Remove beets from oven and let cool. Peel the beets and slice them into thin strips. Put the remaining olive oil, garlic, and dill in a large saucepan over medium-high heat. When aromatic, add beets, salt, and pepper. Sautee until beets begin to smell fragrant and get slightly darker. Add kale, lower heat to medium-low, stir, and cover. After about five minutes, stir again and serve.

This is a great accompaniment for protein like sausage, pork, and other meats that work well with a sweet side dish!

Another option is to omit the olive oil in the pan and brown some diced uncured bacon in the pan, cooking the veggies and herbs in the rendered fat!

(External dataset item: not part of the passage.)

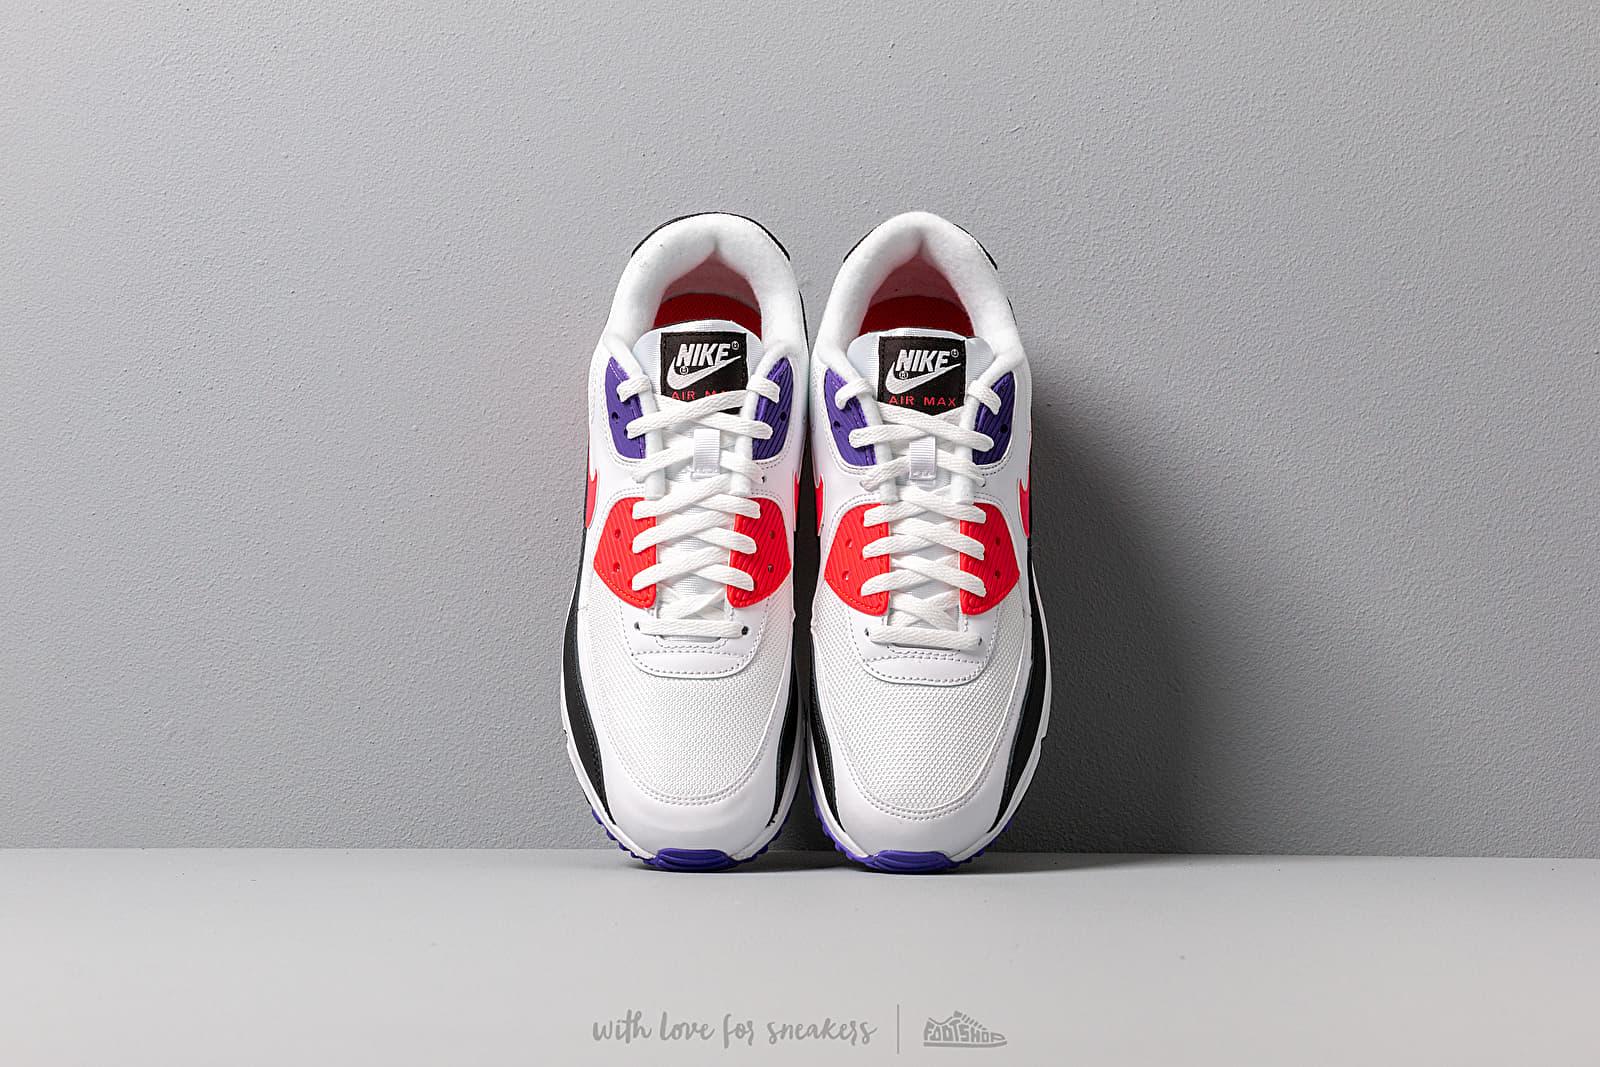 Tenis Nike Air Max '90 Essential Shoe White Red orbit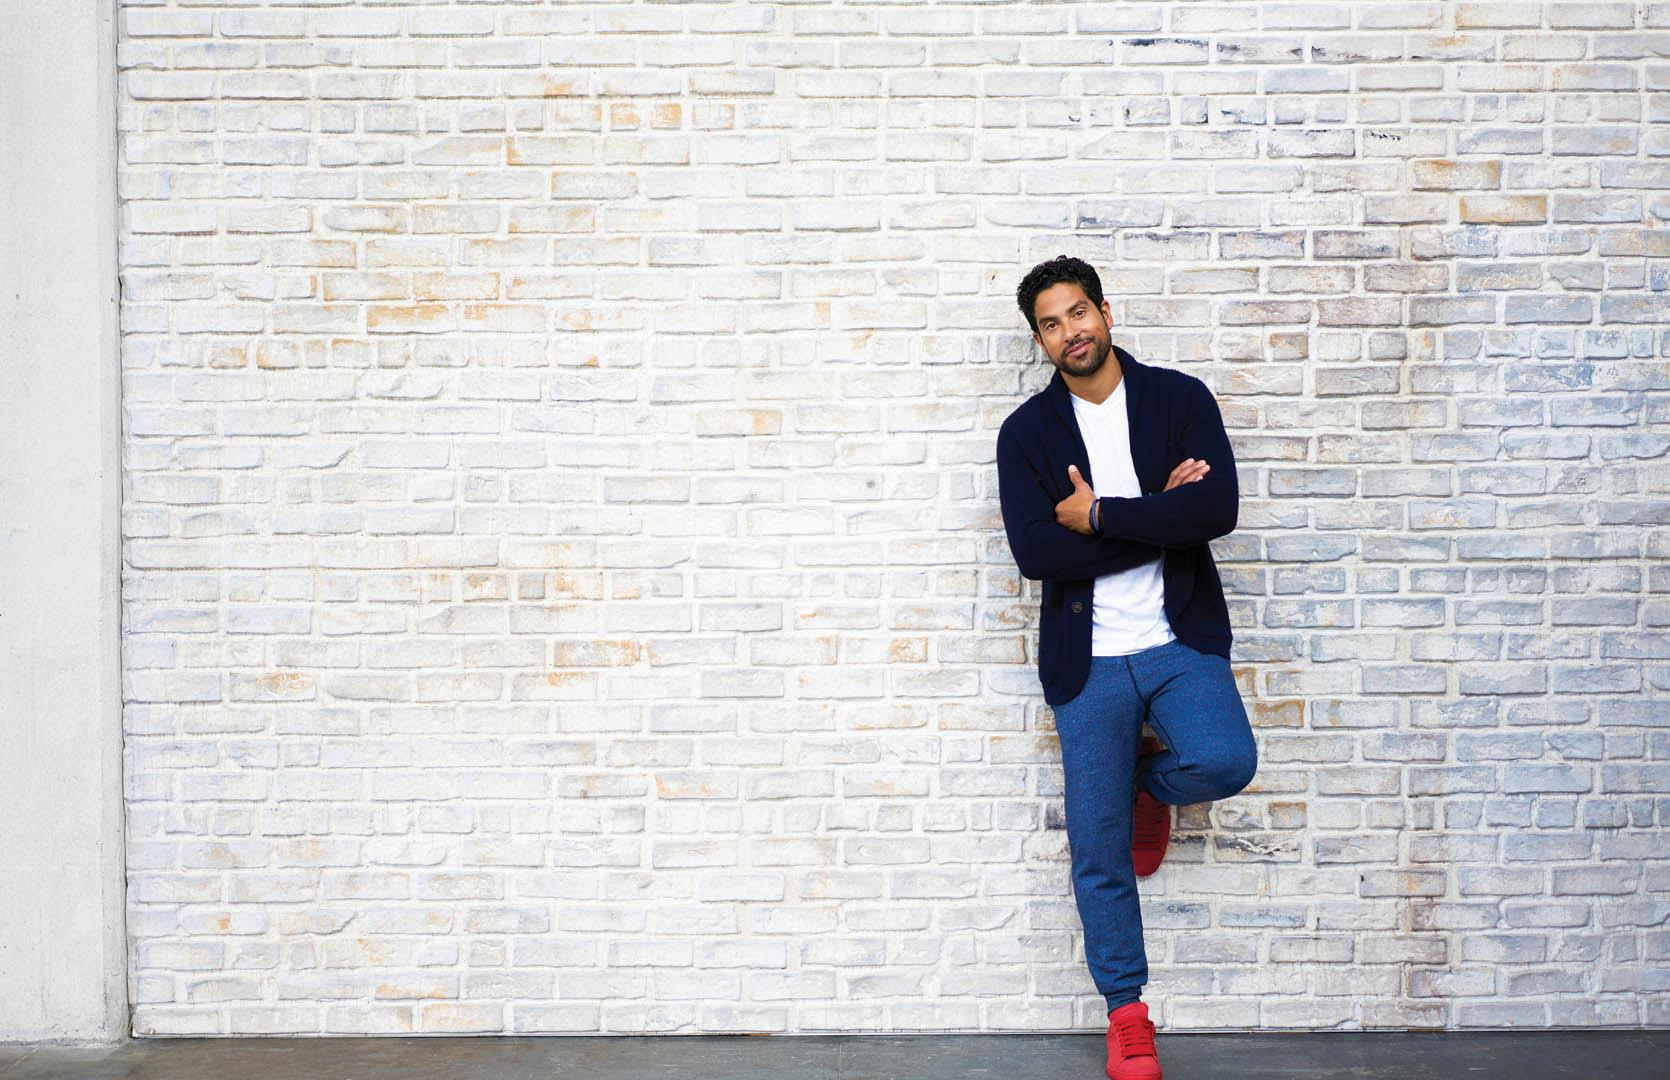 Adam Rodriguez, especially when he makes casual look haute

  1. Beets are delicious. If you like carrots, you will like beets.
  2. Beets are not fun to cook. Despite all I’d read online, the skins are a royal pain in the ass to remove, even after being cooked. Oh, and that cooking part takes over a half hour in itself.
  3. Beets do not stain countertops or kitchen appliances as bad as I’d read! I dripped juice on my very cheap linoleum countertop and it sat there overnight; in the morning, I wiped a wet paper towel over it just once and it came off immediately! (Maybe I was just lucky?)
  4. Beets do not stain people as bad as I’d read, either! Although with the juice on my hands, they looked very red. Just a quick hand-rinse and my hands were no longer red. On a gross side-note, my pee was not red after eating beets, which was another thing I’d read happens as a result of beet-consumption.